The list from cassandra was obtained from the occ_uuid table which contains deleted records, and can be used to crosscheck the solr result that should not contain any deleted records.

ansell commented 5 years ago

The occurrences/facets query took too long and cancelled itself after 1 hour, so will look into another approach to get those three facets for the entire avh.

ansell commented 5 years ago

Used biocache offline downloads to download the basic fields for each of the three data resources that make up AVH based on the collectory data_hub_uid:dh9 metadata:

ansell commented 5 years ago

These are the statistics derived from the solr offline downloads for catalogNumber, collectionCode, and institutionCode:

data resource institutionCode collectionCode catalogNumber
dr2287 32 empty, 2 unique, 533886 records with values 97 empty, 2 unique (the same 2 unique values as institutionCode), 533821 records with values 25 empty, 533886 unique, 533893 records with values
dr376 1 empty, 15 unique, 5462039 records with values 748 empty, 19 unique, 5461292 records with values 1 empty, 4979401 unique, 5462039 records with values
dr2153 0 empty, 9 unique, 847142 records 0 empty, 9 unique, 847142 records (the same 9 unique values as institutionCode) 0 empty, 847142 unique, 847142 records

This analysis shows another anomaly with the empty institutionCode and catalogNumber, records not being fit for use as a primary key, as required by the collectory metadata.

ansell commented 5 years ago

Unfortunately, biocache does not have the row key in Solr due to an intentional design to hide the original row key, so will require some more analysis to match the Solr results back against Solr to find the original row keys that matched each of the worrying UUIDs.

nielsklazenga commented 5 years ago

@ansell thanks for all your work on this! I think the records with no value for collectionCode in dr376 (that's me) might be the result of an upload of PERTH type images outside the normal AVH aggregation process.

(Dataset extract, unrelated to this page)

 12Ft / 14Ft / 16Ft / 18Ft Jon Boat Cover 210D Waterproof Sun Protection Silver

ansell commented 5 years ago

@nielsklazenga collectionCode doesn't appear to be part of the primary key based on looking at the metadata in collections.ala.org.au, so that should be okay in terms of record management. I added collectionCode to the analysis here to contrast it with institutionCode in the cases it was different just incase that adds some information for someone else reviewing these results.

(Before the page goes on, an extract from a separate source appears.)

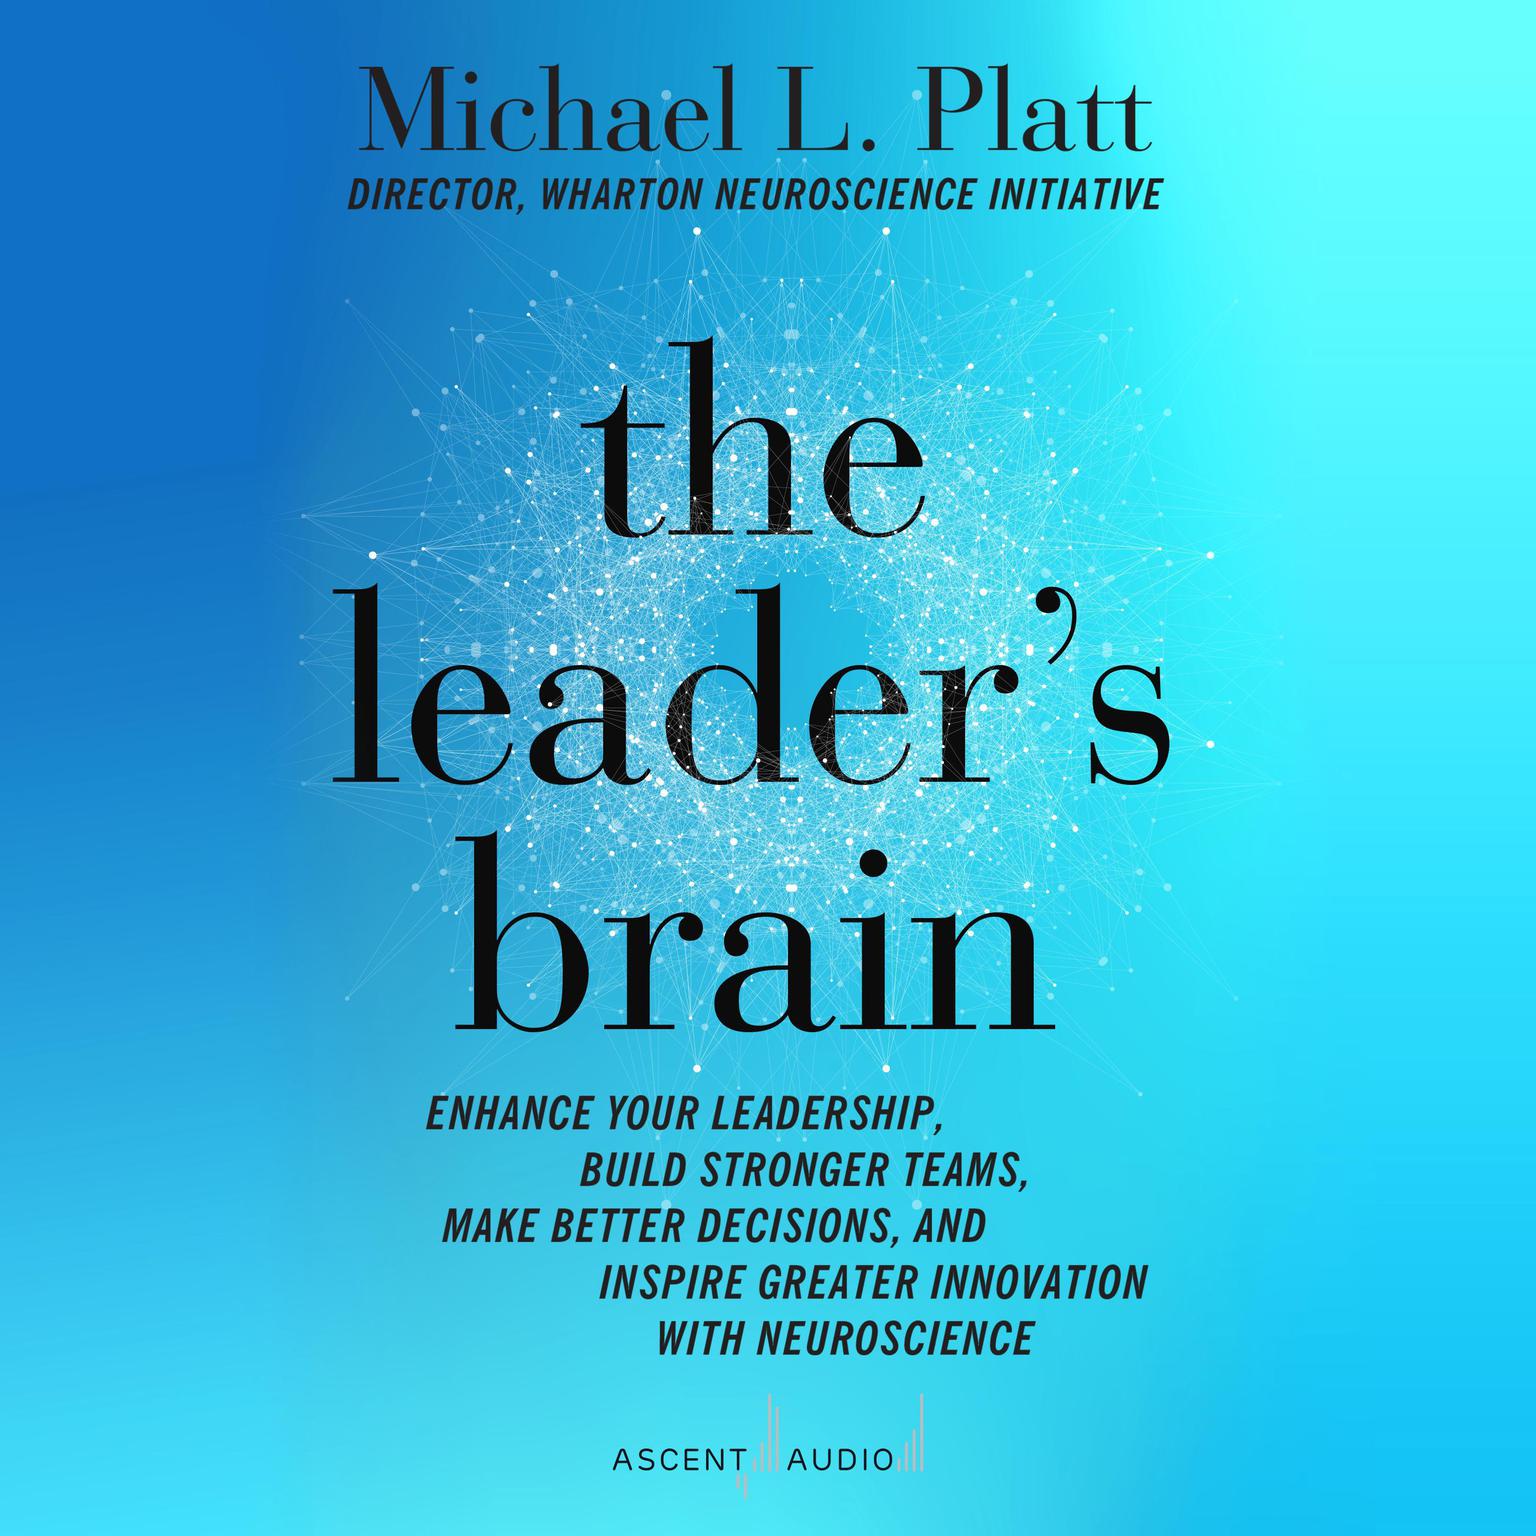 The Leaders Brain: Enhance Your Leadership, Build Stronger Teams, Make Better Decisions, and Inspire Greater Innovation with Neuroscience Audiobook, by Michael L. Platt

For dr376, the 1 record with a missing institution code, and the 1 with a missing catalogNumber could be bigger issues as they are used for the primary key, and multiple records without both those values could have been silently merged/overwritten together inside of a single record and we currently have no provenance or analysis to tell us when that happens.

I check uniqueness of primary keys myself for datasets that I load manually, but we rely very heavily on the original accuracy of input data for automated loads--particularly delta loads--and the primary key being incorrect can silently introduce data corruption.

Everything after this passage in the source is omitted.